KITE-DDI: A Knowledge graph Integrated Transformer Model for accurately predicting Drug-Drug Interaction Events from Drug SMILES and Biomedical Knowledge Graph
Tamir, Azwad, Yuan, Jiann-Shiun
It is a common practice in modern medicine to prescribe multiple medications simultaneously to treat diseases. However, these medications could have adverse reactions between them, known as Drug-Drug Interactions (DDI), which have the potential to cause significant bodily injury and could even be fatal.

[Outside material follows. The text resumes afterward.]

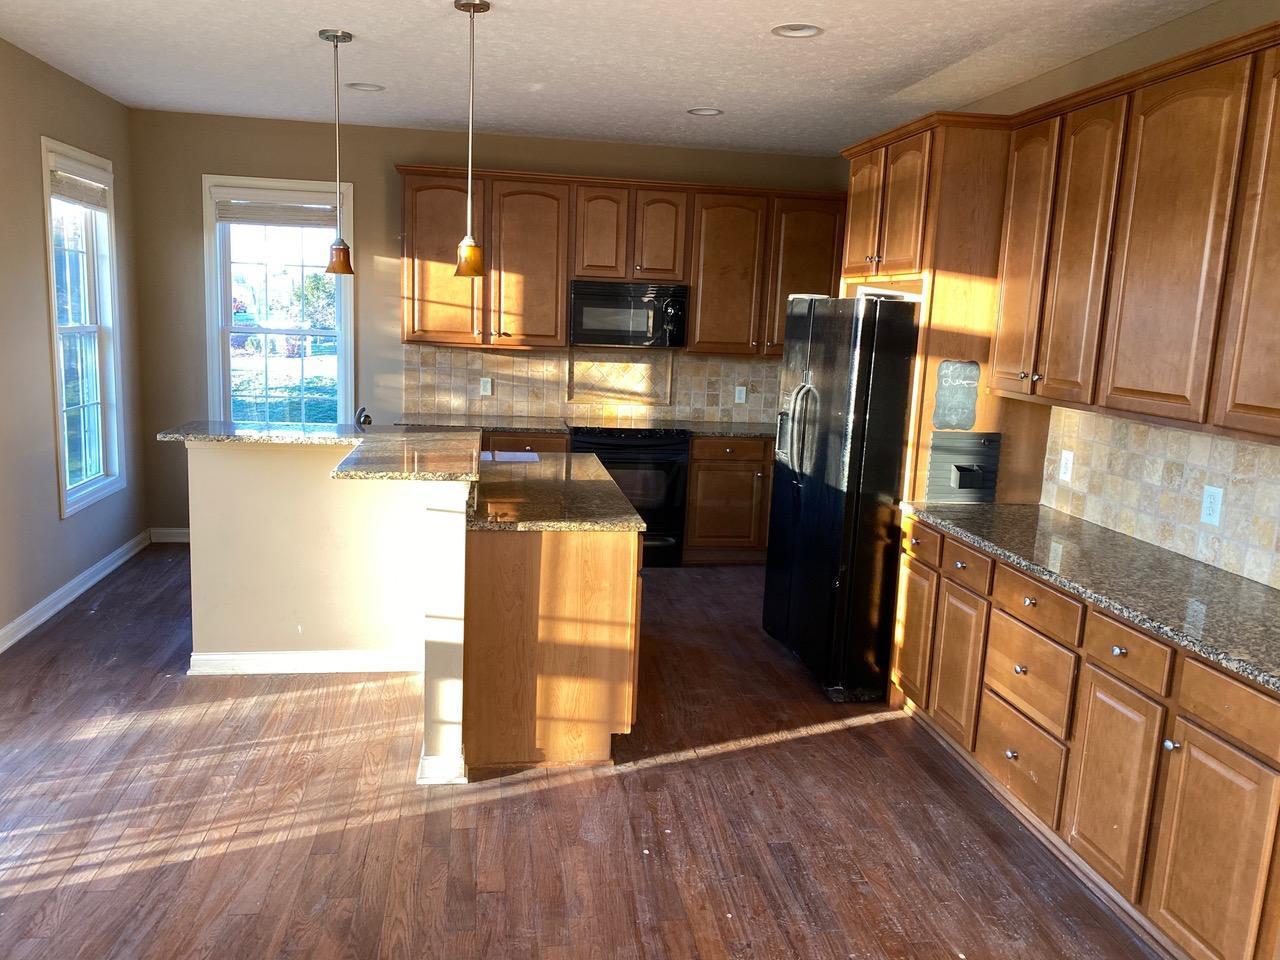 4757 Halle Circle, Hilliard, Ohio 43026, 3 Bedrooms Bedrooms, ,4 BathroomsBathrooms,Residential,For Sale,Halle,220040307

Hence, it is essential to identify all the DDI events before prescribing multiple drugs to a patient. Most contemporary research for predicting DDI events relies on either information from Biomedical Knowledge graphs (KG) or drug SMILES, with very few managing to merge data from both to make predictions. While others use heuristic algorithms to extract features from SMILES and KGs, which are then fed into a Deep Learning framework to generate output. In this study, we propose a KG-integrated Transformer architecture to generate an end-to-end fully automated Machine Learning pipeline for predicting DDI events with high accuracy. The algorithm takes full-scale molecular SMILES sequences of a pair of drugs and a biomedical KG as input and predicts the interaction between the two drugs with high precision. The results show superior performance in two different benchmark datasets compared to existing state-of-the-art models especially when the test and training sets contain distinct sets of drug molecules. This demonstrates the strong generalization of the proposed model, indicating its potential for DDI event prediction for newly developed drugs. The model does not depend on heuristic models for generating embeddings and has a minimal number of hyperparameters, making it easy to use while demonstrating outstanding performance in low-data scenarios.